■ **RECORDED DATA**
☆ ☆ ☆

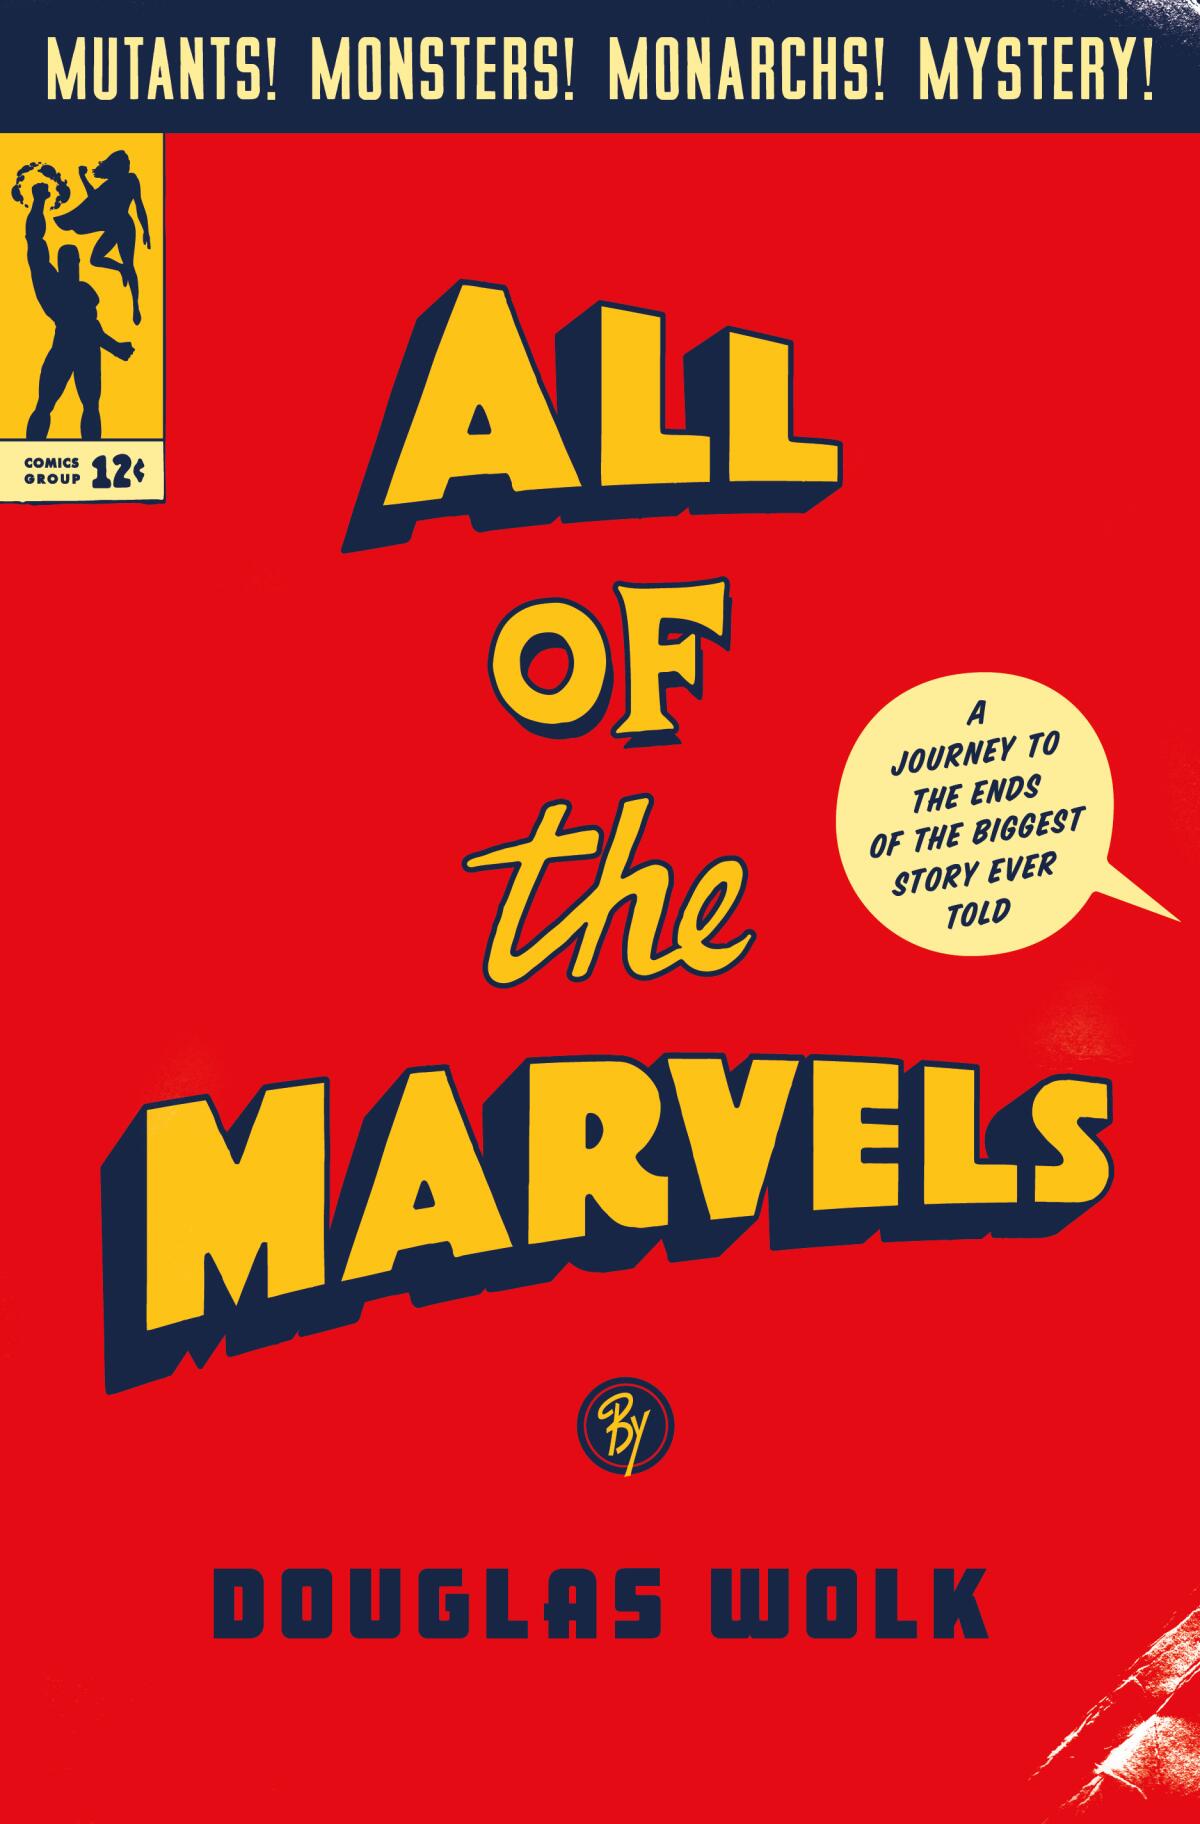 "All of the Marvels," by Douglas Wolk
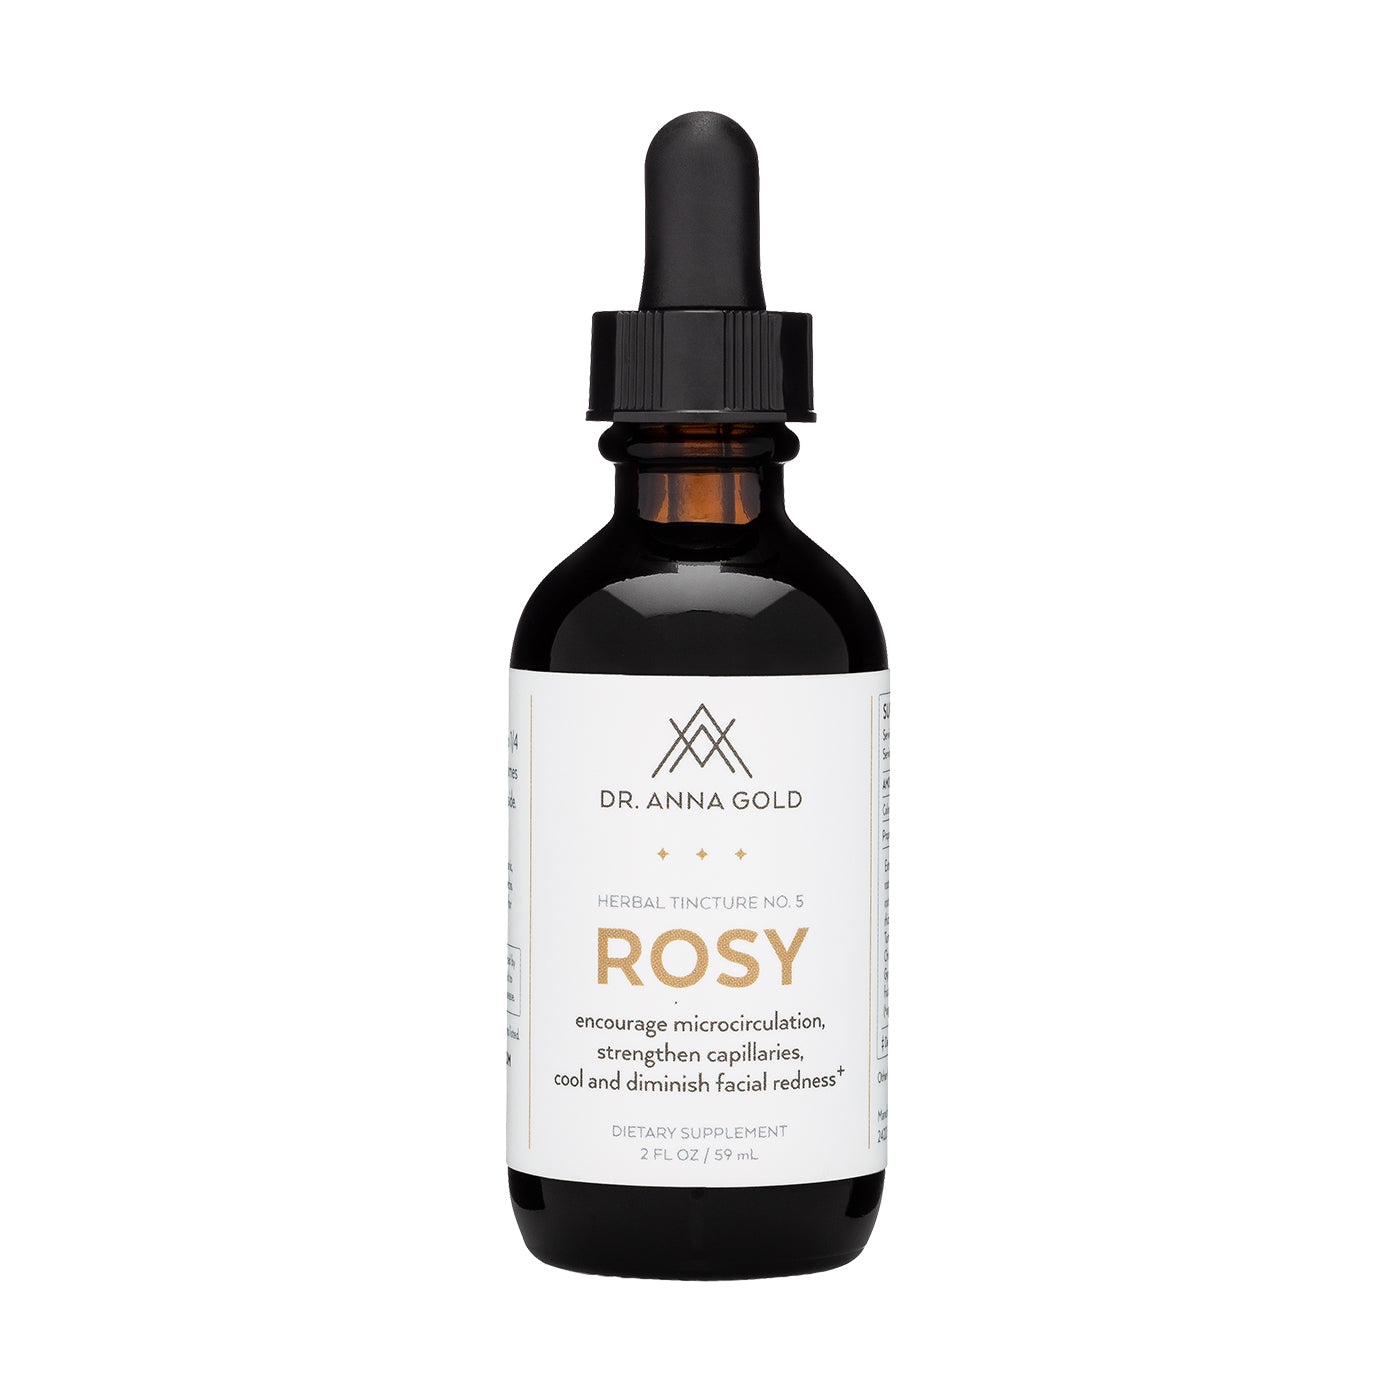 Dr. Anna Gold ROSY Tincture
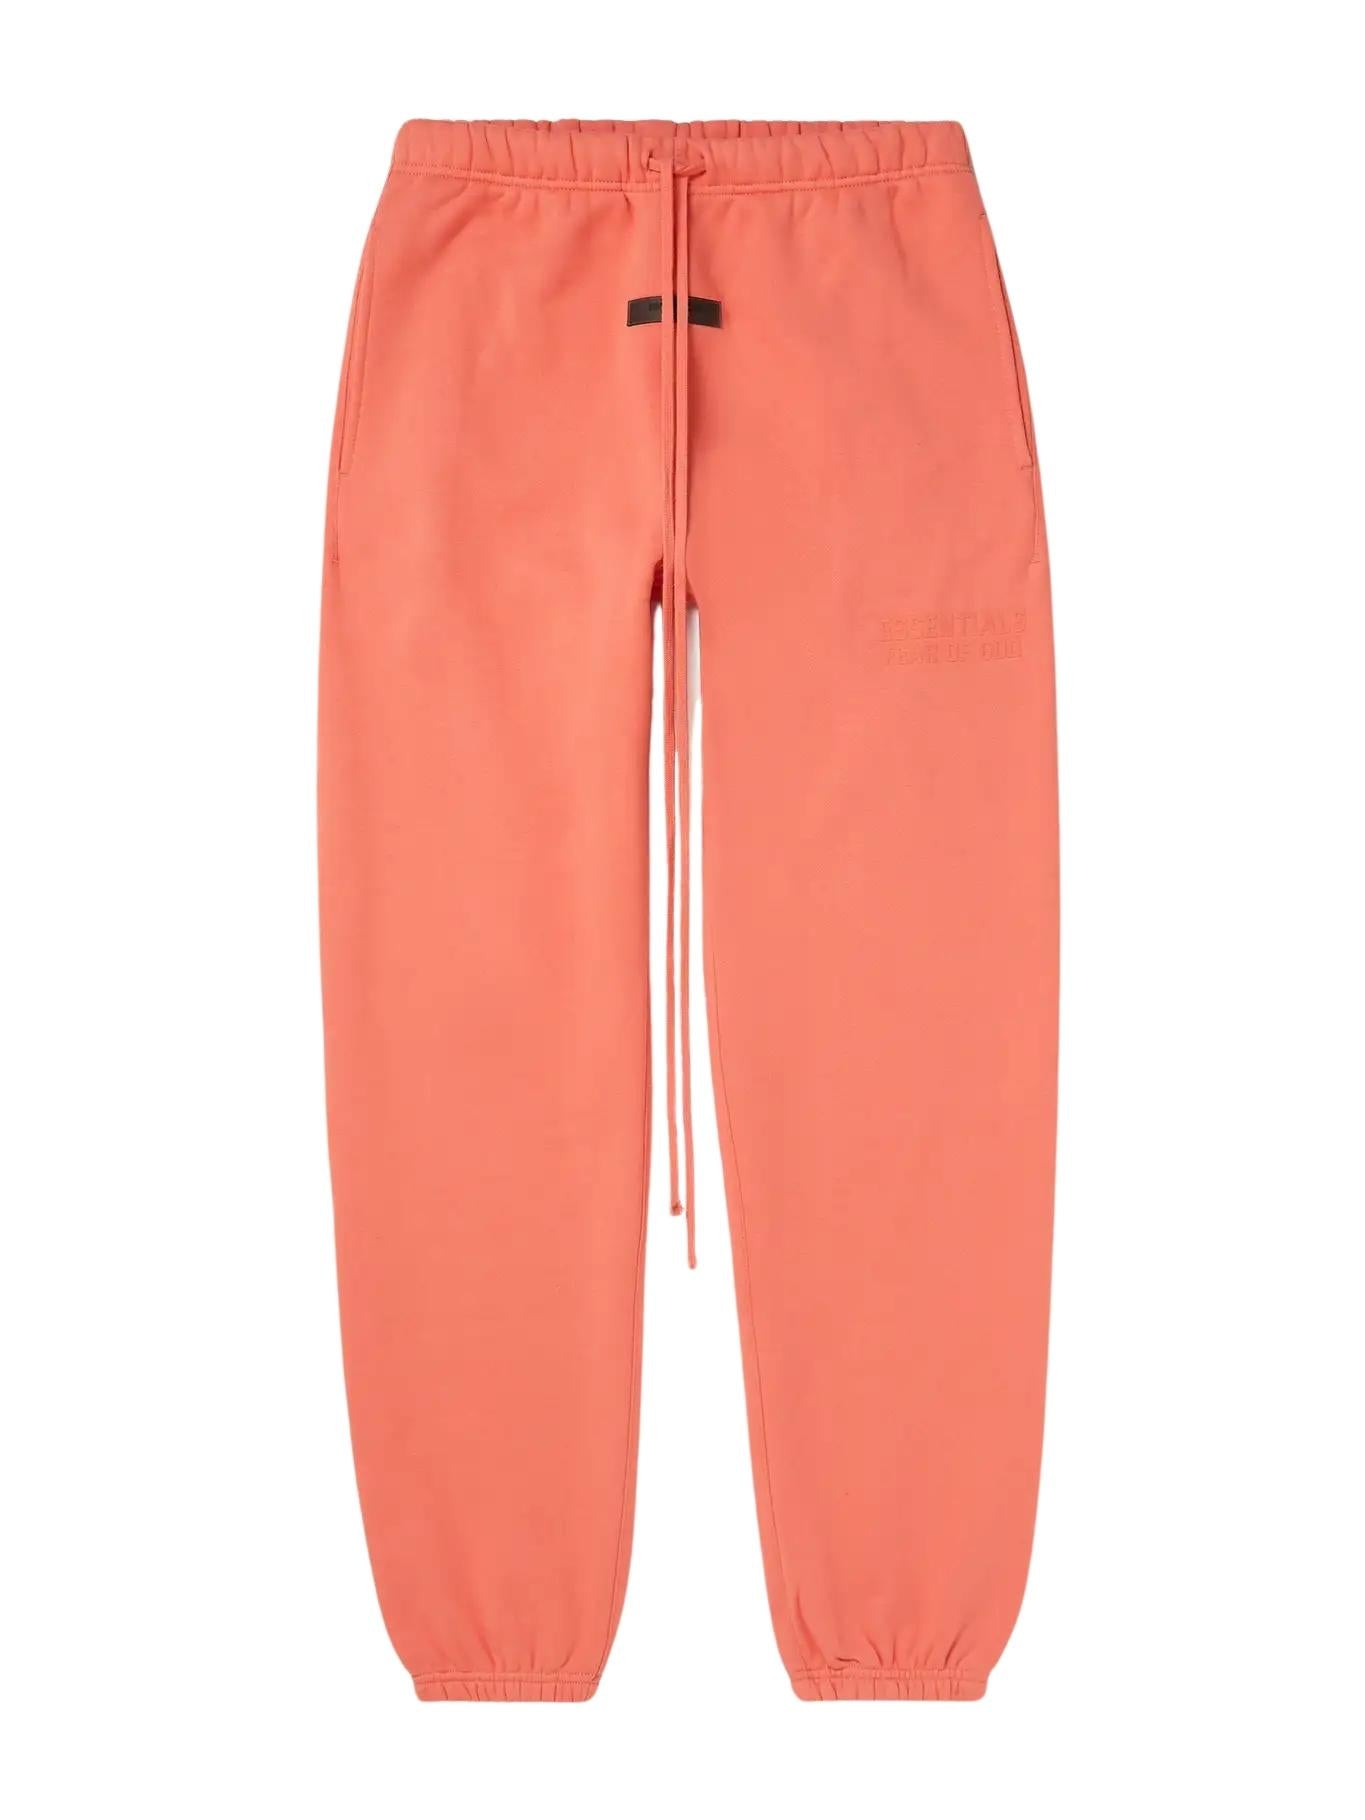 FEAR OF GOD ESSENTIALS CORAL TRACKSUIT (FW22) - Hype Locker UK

☆ ☆ ☆

The required output is the listing above reproduced exactly, pictures removed.

■ **SOLUTION TO THIS PROBLEM**
 "All of the Marvels," by Douglas Wolk
 Dr. Anna Gold ROSY Tincture
 FEAR OF GOD ESSENTIALS CORAL TRACKSUIT (FW22) - Hype Locker UK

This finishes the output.